5. Update neighbor map
Write the result into neighbor[idx * V + v]. The kernel center (v == half_V - 1) corresponds to the point itself, so it is set to idx.
Additionally, we can leverage the symmetry of convolution neighborhoods to reduce computation: if point i includes point j as a neighbor, then point j must also include point i. Thus, after retrieving value, we can directly set:
neighbor[value * V + V - 1 - v] = idx;
This avoids redundant lookups in the symmetric direction, reducing hash table accesses by nearly half and significantly improving efficiency.
Through this process, we achieve $O(1)$ amortized time complexity for local neighborhood queries, constructing the neighbor index map required for sparse convolutions.
Naive Implementation: Explicit GEMM
After constructing the hash table for sparse tensor coordinates, we can efficiently retrieve the local neighborhood of each nonzero element.
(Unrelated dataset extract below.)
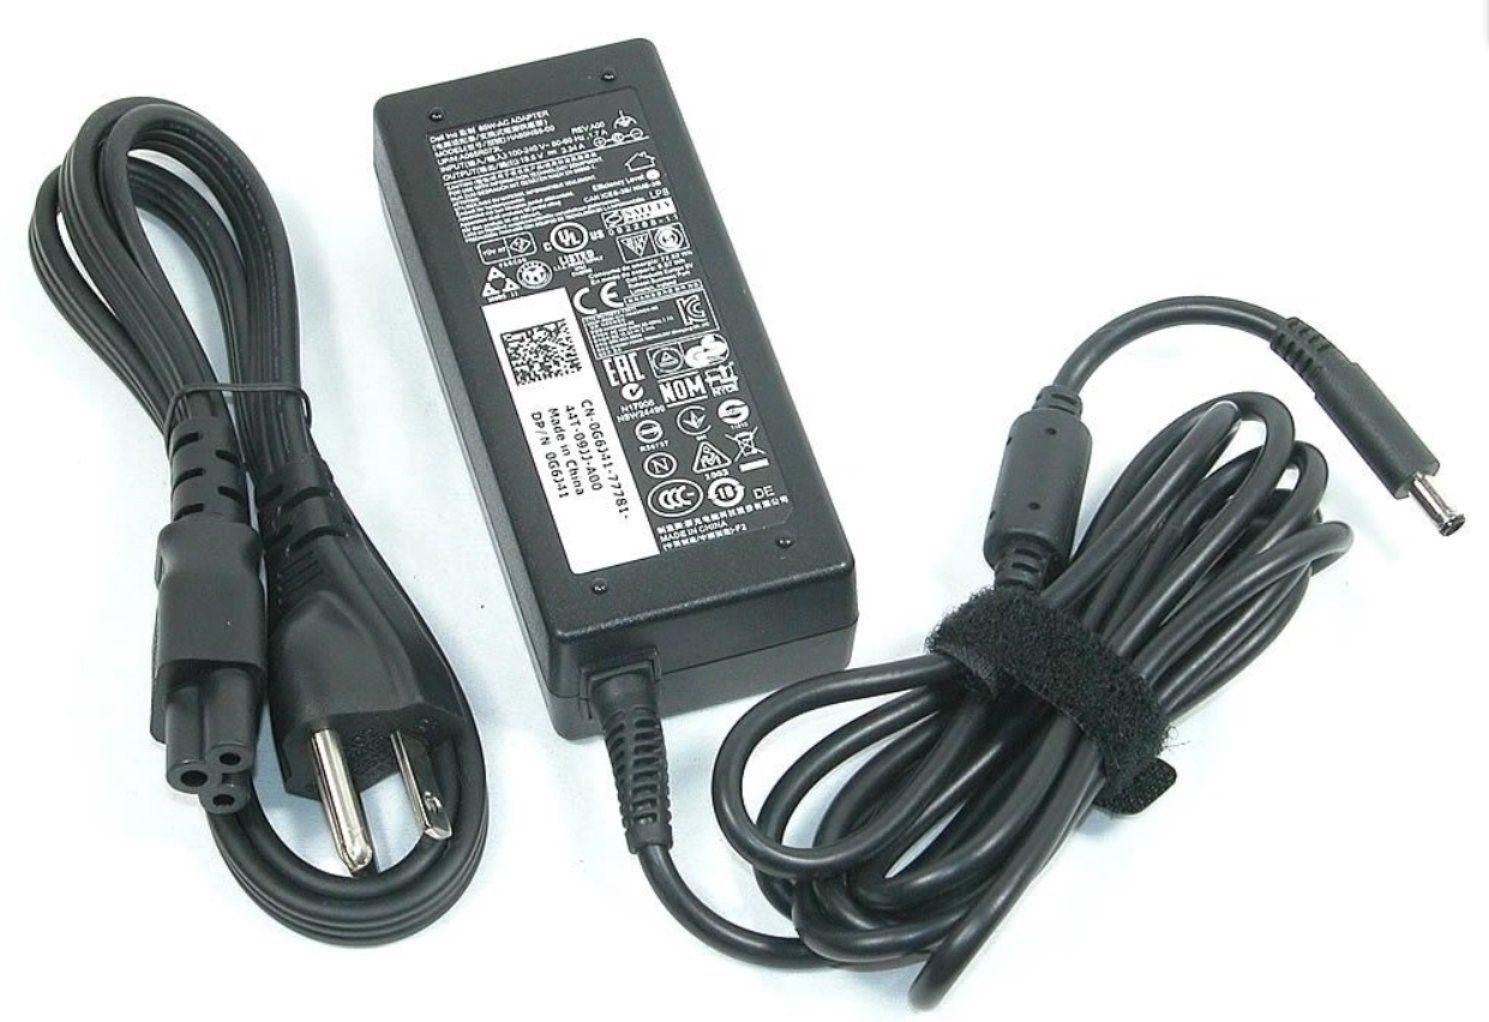 // 18 original Dell XPS 13 19.5V 3.34A  charger adapter 1820 // 12 9Q23 9343

Next, the computation of sparse convolution can be implemented using Explicit GEMM (General Matrix Multiplication).
Similar to dense convolution, Explicit GEMM transforms each convolution operation into a matrix multiplication:
- Expand the neighborhood features of each nonzero element into a matrix (im2col-like expansion);
- Flatten the convolution kernel weights into another matrix;
- Perform matrix multiplication to compute the output features.
The difference is that sparse convolution only computes on nonzero elements and their neighborhoods, so matrix operations are performed only on selected coordinates, without touching the entire dense grid. Next, I will detail the core code implementation.
Sparse tensor format:
Feature tensor
feats:
- Shape: [N, C]
- N: number of nonzero elements (i.e., number of active voxels in the sparse tensor)
- C: channel dimension (feature dimension)
- Stored as a linear array of nonzero voxels, each row corresponding to one voxel’s feature vector
Coordinate tensor
coords:
- Shape: [N, 4]
Each row stores the coordinate of one nonzero voxel: [b, x, y, z]
- b: batch index
- x, y, z: 3D spatial coordinates
- Row-aligned with
feats, the i-th coordinate corresponds to the i-th featureConvolution kernel
weight:
Shape: [Co, Kw, Kh, Kd, Ci]
- Co: number of output channels
- Ci: number of input channels
- Kw, Kh, Kd: kernel size along width, height, and depth
Stored as a standard 5D tensor, flattened to [V*Ci, Co] during forward GEMM, where V = Kd*Kh*Kw
Neighborhood Cache
By combining the insertion and query processes discussed earlier, we can precompute the neighborhood indices required for convolution:
@staticmethod
def _compute_neighbor_cache(
coords: torch.Tensor,
shape: torch.Size,
kernel_size: Tuple[int, int, int],
dilation: Tuple[int, int, int]
) -> SubMConv3dNeighborCache:
hashmap = torch.full((2 * int(spconv.HASHMAP_RATIO * coords.shape[0]),), 0xffffffff, dtype=torch.uint32, device=coords.device)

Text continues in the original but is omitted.